Posisi tangan :Untuk dapat memainkan gamelan secara baik tentunya memegang panggul harus diperhatikan. Posisi tangan yang benar untuk memainkan instrument berbilah adalah tangkai panggul dipegang oleh tangan kanan dengan ibu jari berada sejajar dengan tangkai panggul bagian lebarnya, sedangkan keempat jari lainnya posisi terlipat (lihat gambar). Sedangkan untuk memainkan instrument berpencon posisi tangan mengikuti arah panggul, sedangkan telunjuk tanpa dilipat. Begitu juga pada instrument lainnya.

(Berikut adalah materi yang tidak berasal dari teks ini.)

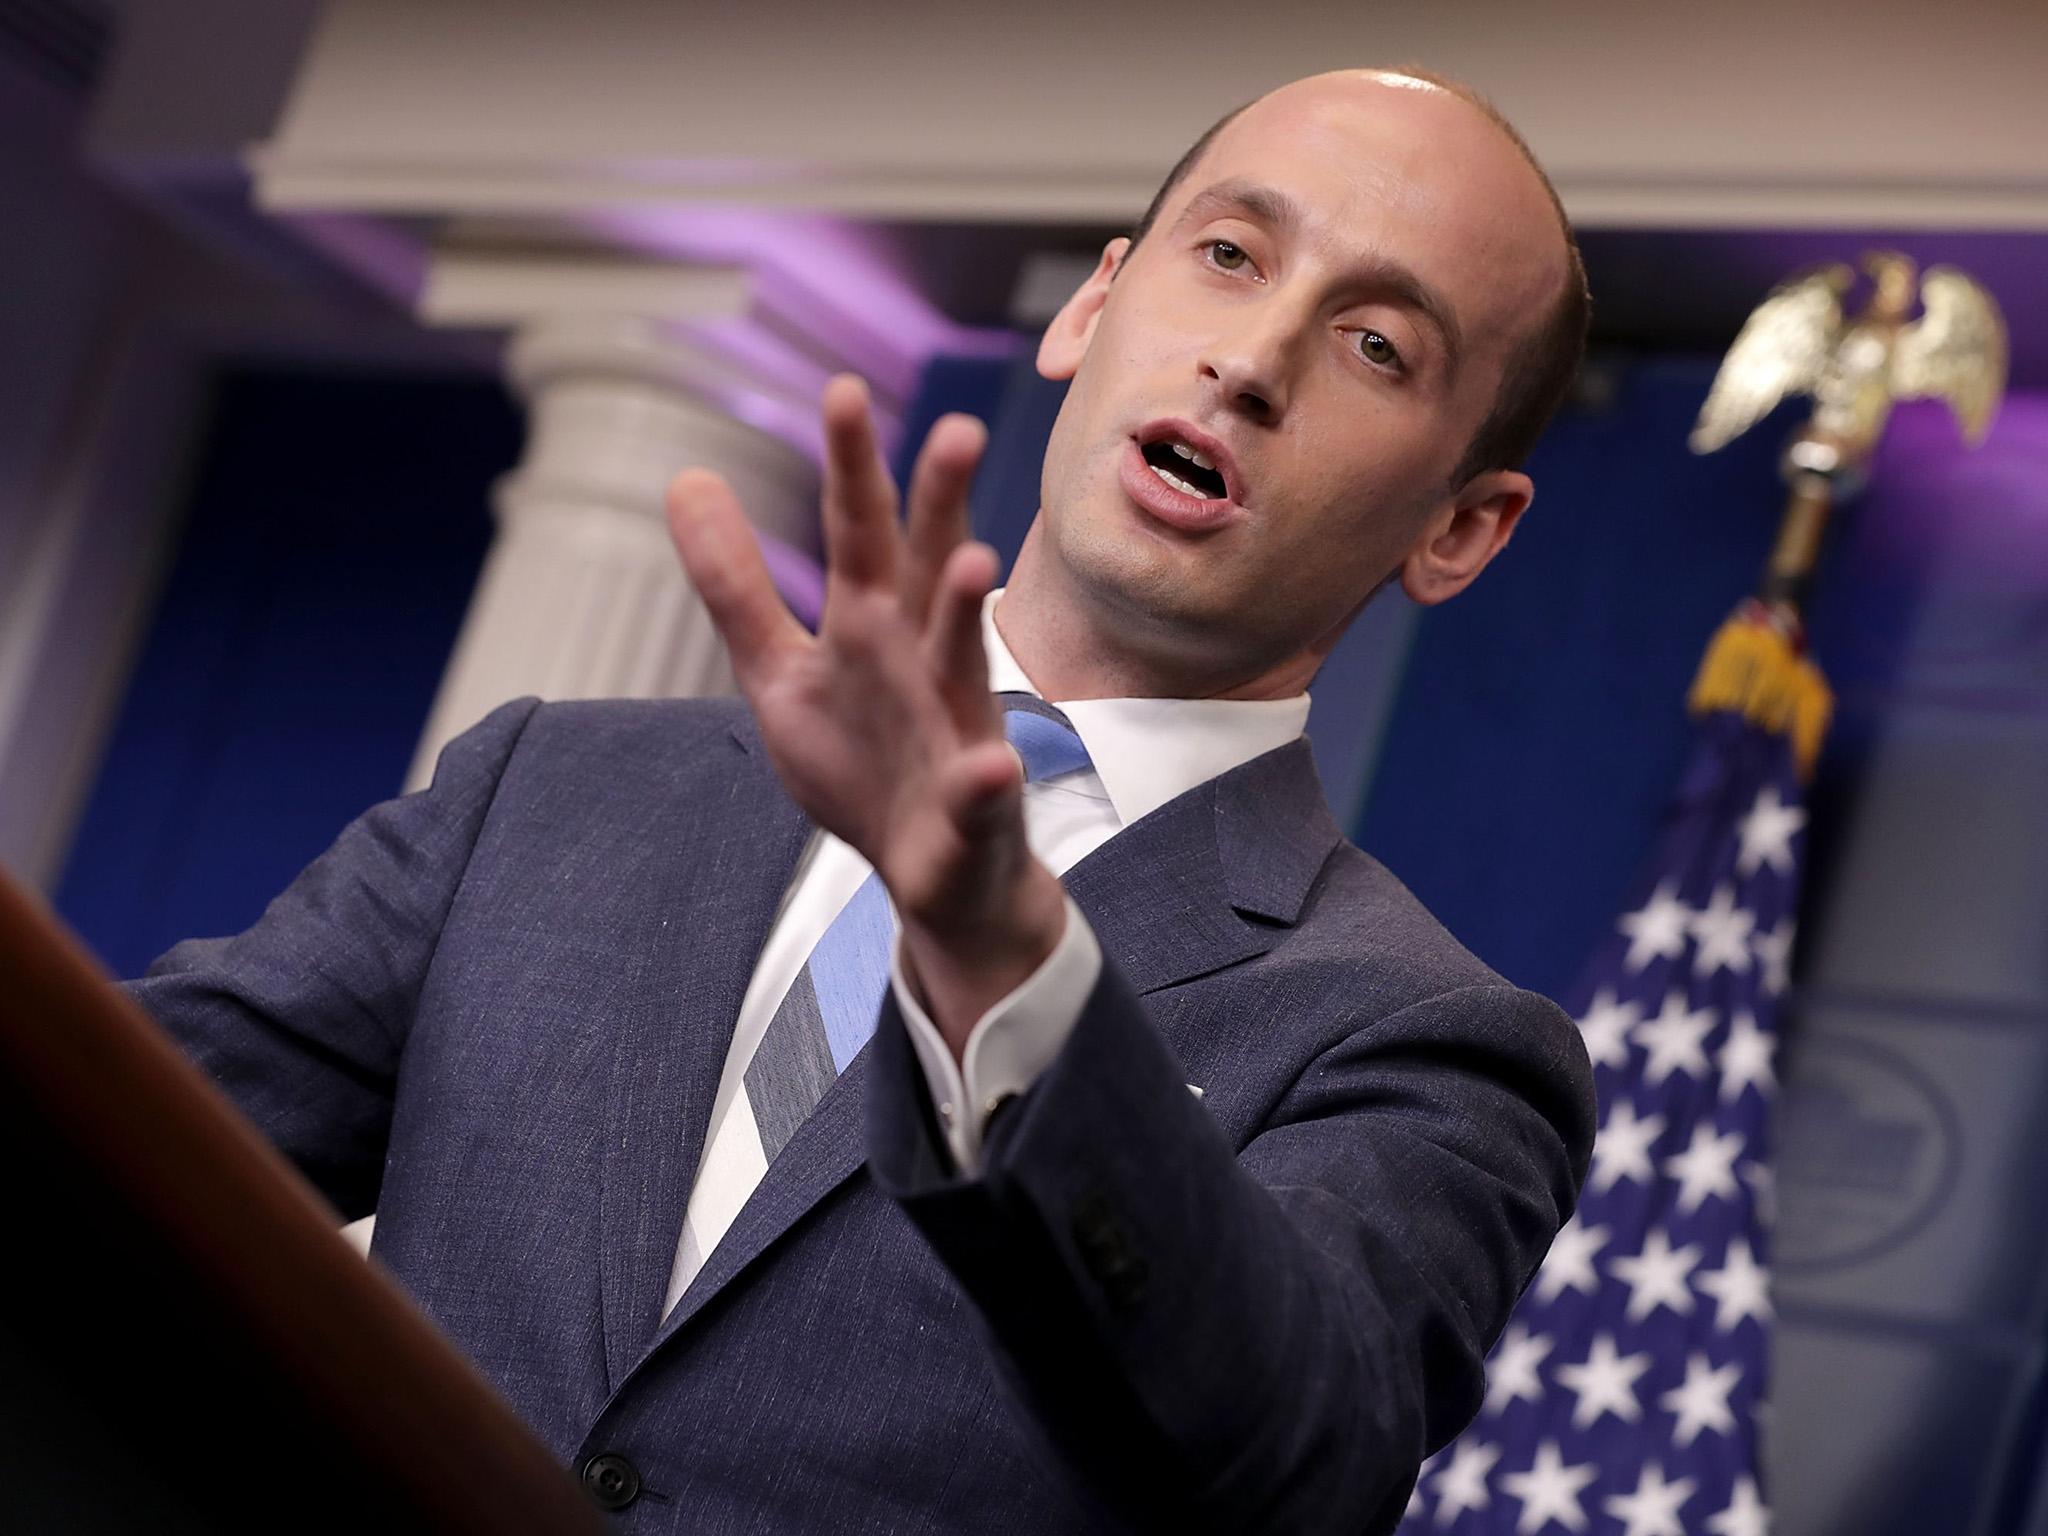 Stephen Miller continued his meal at the restaurant after the comment, according to the report

 Menutup/tatekep :Barungan Gong Kebyar merupakan seperangkat gamelan yang memiliki instrumentasi yang sangat banyak. Hampir 30-40 buah instrument yang sebagian besar merupakan instrument perkusif(dipukul). Tehnik-teknik tersebut menyebabkan setiap kelompok instrument memiliki bunyi dan warna nada yang berlainan. Instrumen-instrumen Gong Kebyar yang dimainkan secara dipukul baik memakai tangan maupun memakai alat pemukul/panggul dalam gamelan Bali lazim disebut gagebug.

Filed under: Tak Berkategori

Comments are closed.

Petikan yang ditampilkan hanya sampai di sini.